Biden will ask that both the 18-cent-per-gallon federal tax on gasoline and the 24-cent-per-gallon tax on diesel be suspended, the officials said. That would be in addition to any state-level suspensions.

“Together, with the average cost of taxes at the state level of about 30 cents, that can give the American public about 50 cents off a gallon,” Amos Hochstein, the State Department’s senior adviser for energy security, told CNN Wednesday morning. 

Gasoline prices, a key driver of inflation that’s hit a four-decade high, have emerged as Biden’s foremost political problem as Democrats face losing control of one or both chambers of Congress in the November midterms. 

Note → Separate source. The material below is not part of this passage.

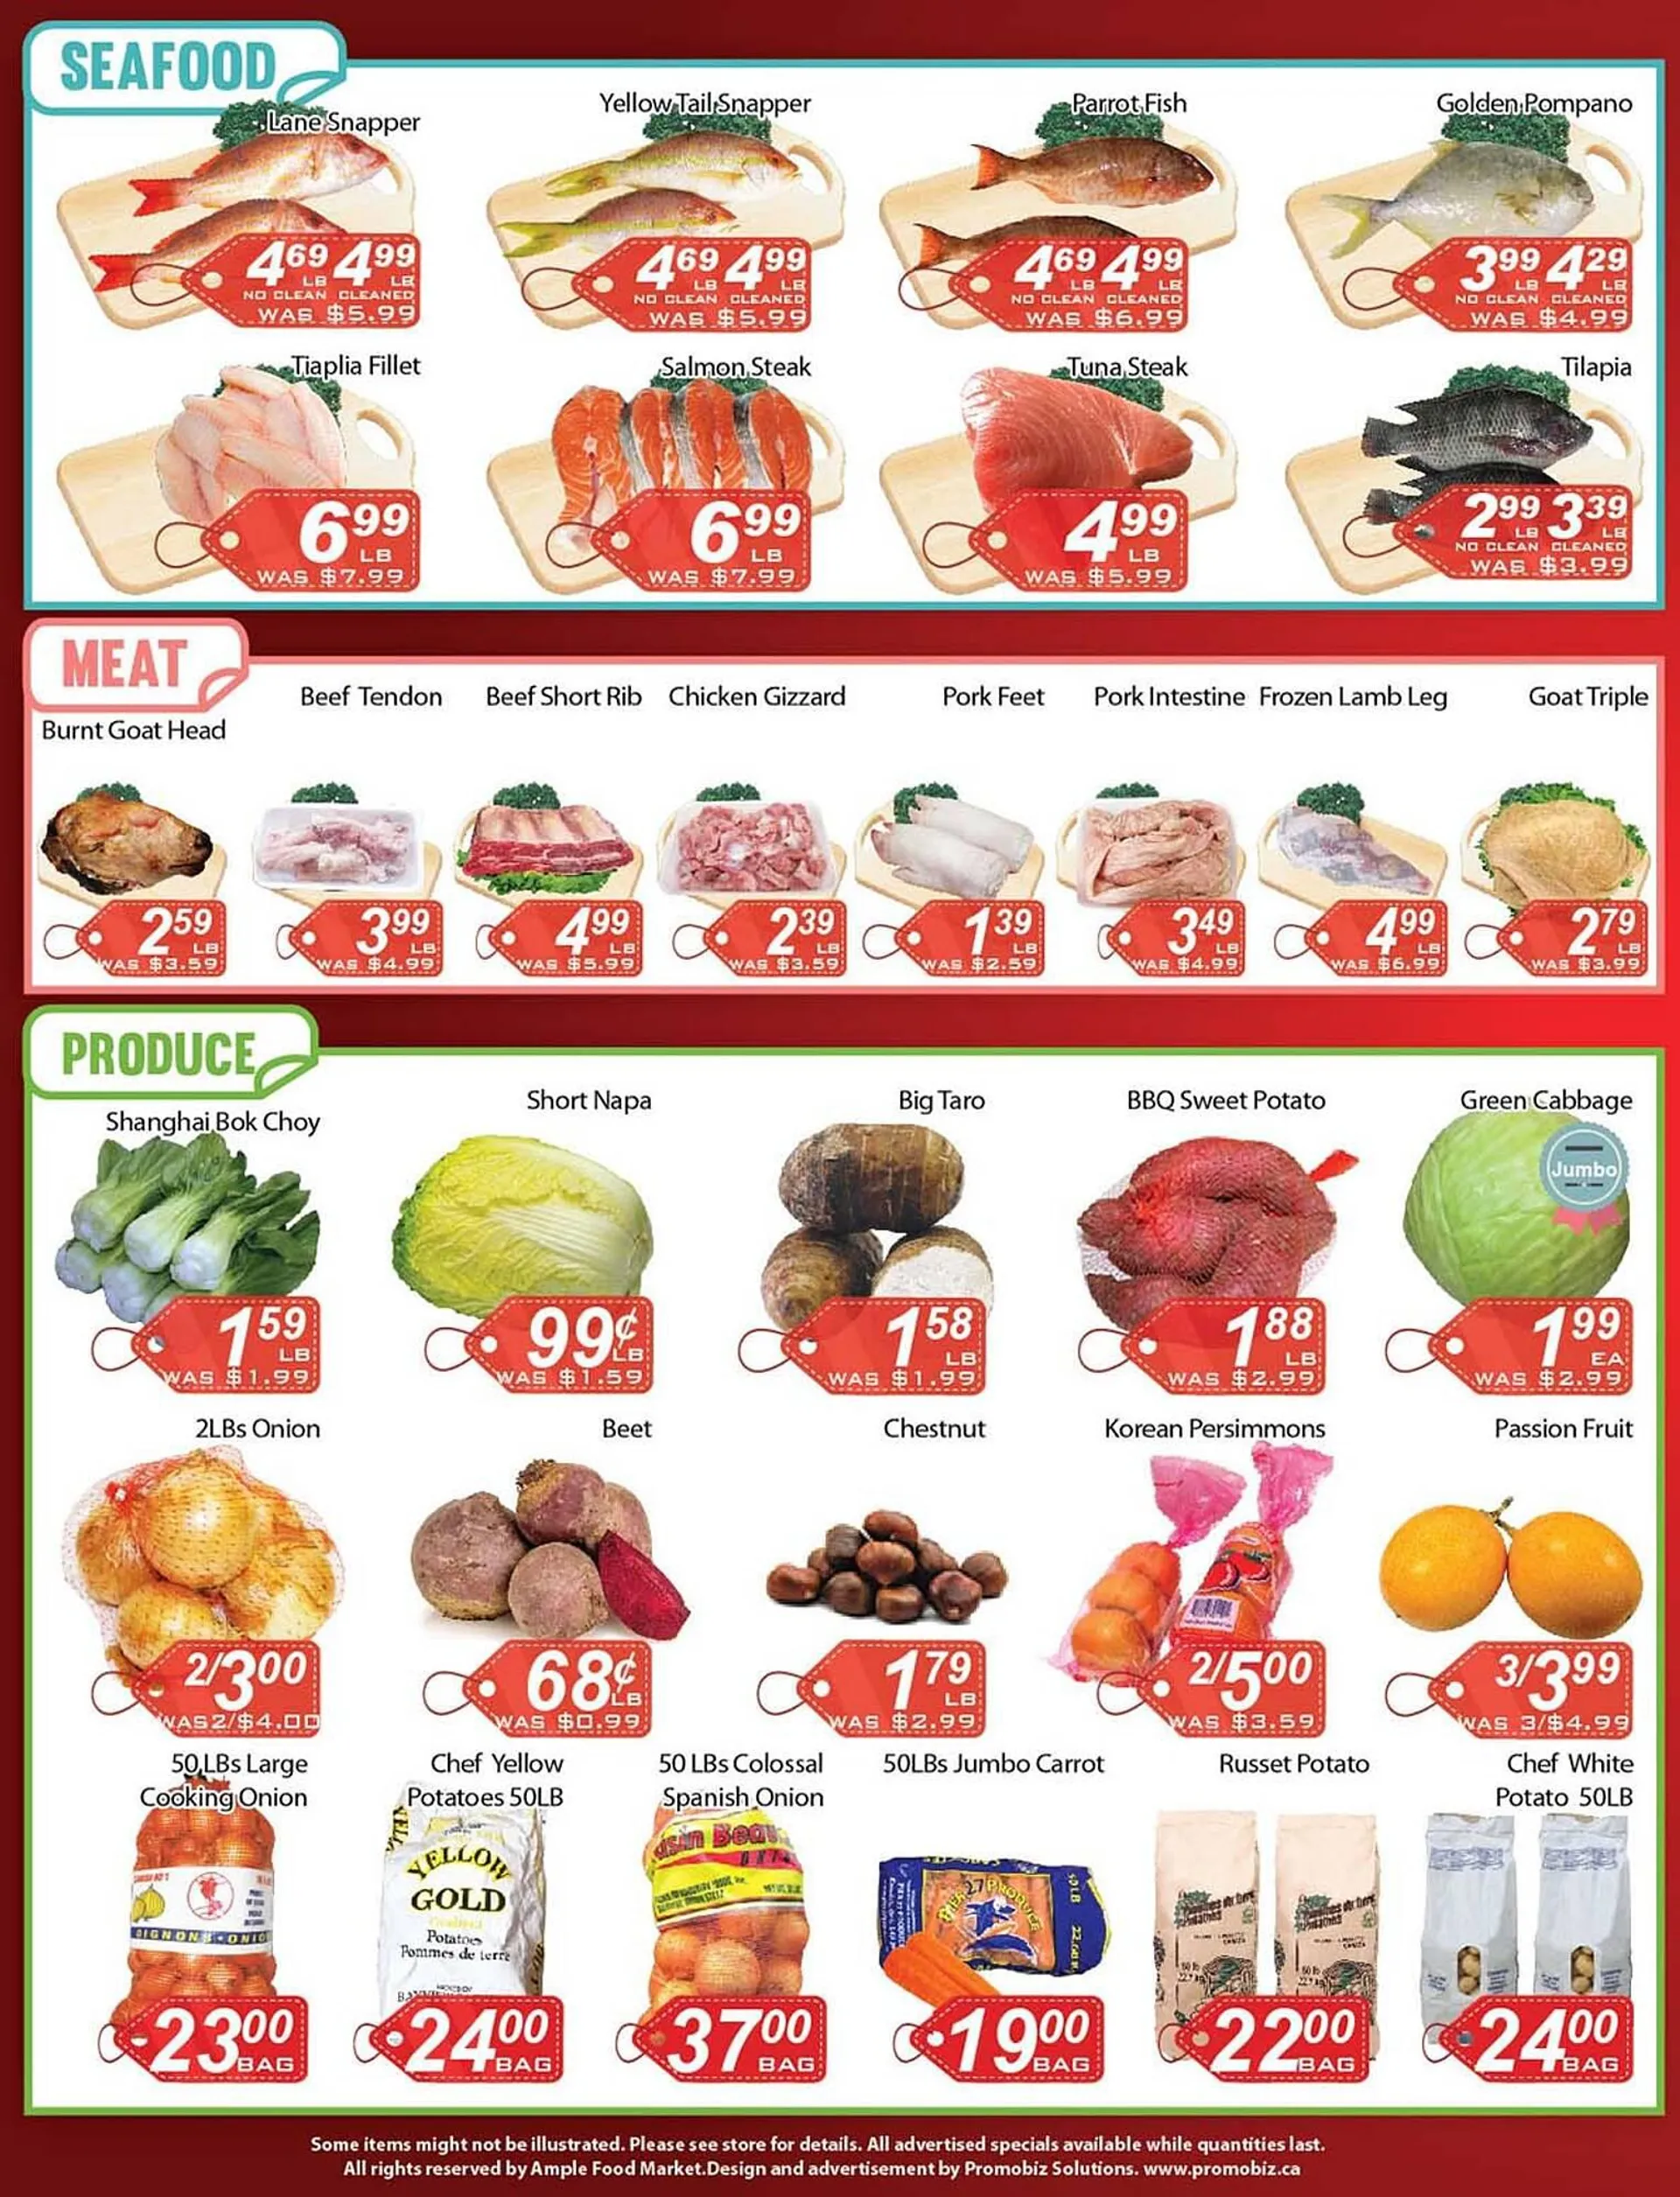 Ample Food Market flyer - 2

But pausing gasoline tax collections isn’t likely to be the answer. Congressional Republicans, who control 50 seats in the Senate, are making Biden’s economic policy and his failure to curb gasoline prices and broader inflation the centerpiece of their midterm campaign. And some Democrats oppose waiving the tax out of concern the policy would undermine highway maintenance.

House Speaker Nancy Pelosi and others have questioned whether a pause would result in lower prices for consumers at the gas pump. 

There’s even a risk of a backfire. Some states that paused their own fuel taxes saw prices come back higher than they would have been without a suspension, according to a study by the Wharton School at the University of Pennsylvania.

Nonetheless, some states have already moved to relieve motorists of gas taxes. The governors of Connecticut and New York have suspended their state taxes, while the governors of Illinois and Colorado have delayed planned tax and fee increases.

Connecticut’s gas tax suspension ends this month, while New York’s began June 1 and will extend for seven months.

In his speech, the president also will call on refiners and retailers to funnel through more savings to consumers, the officials said, the latest salvo in his brewing feud with the oil sector, which he blames for price gouging and for doing too little to maintain pumping and refining capacity in the US.

On Tuesday, Biden rebuked the chief executive of Chevron Corp., Mike Wirth, after Wirth published a letter calling for Biden to stop criticizing the industry and make a “change in approach” to US energy policy. Biden told reporters, “I didn’t know they’d get their feelings hurt that quickly.” 

On Tuesday, Biden and a top economic aide downplayed concerns often cited in opposing a gas tax suspension -- that it would curb revenues needed to maintain roadways, or that savings wouldn’t be passed on to consumers. Biden said last year’s infrastructure law can fill the gap on funding, while adviser Heather Boushey said state-level pauses already in place show that consumers do benefit.

“We have a giant infrastructure bill we passed -- giant,” Biden said, referring to the infrastructure law last year that added US$550 billion in new funding for construction of roads, airports, ports and other public works. “It’s not like before. Look, it will have some impact but it’s not going to have an impact on major road construction and major repairs.”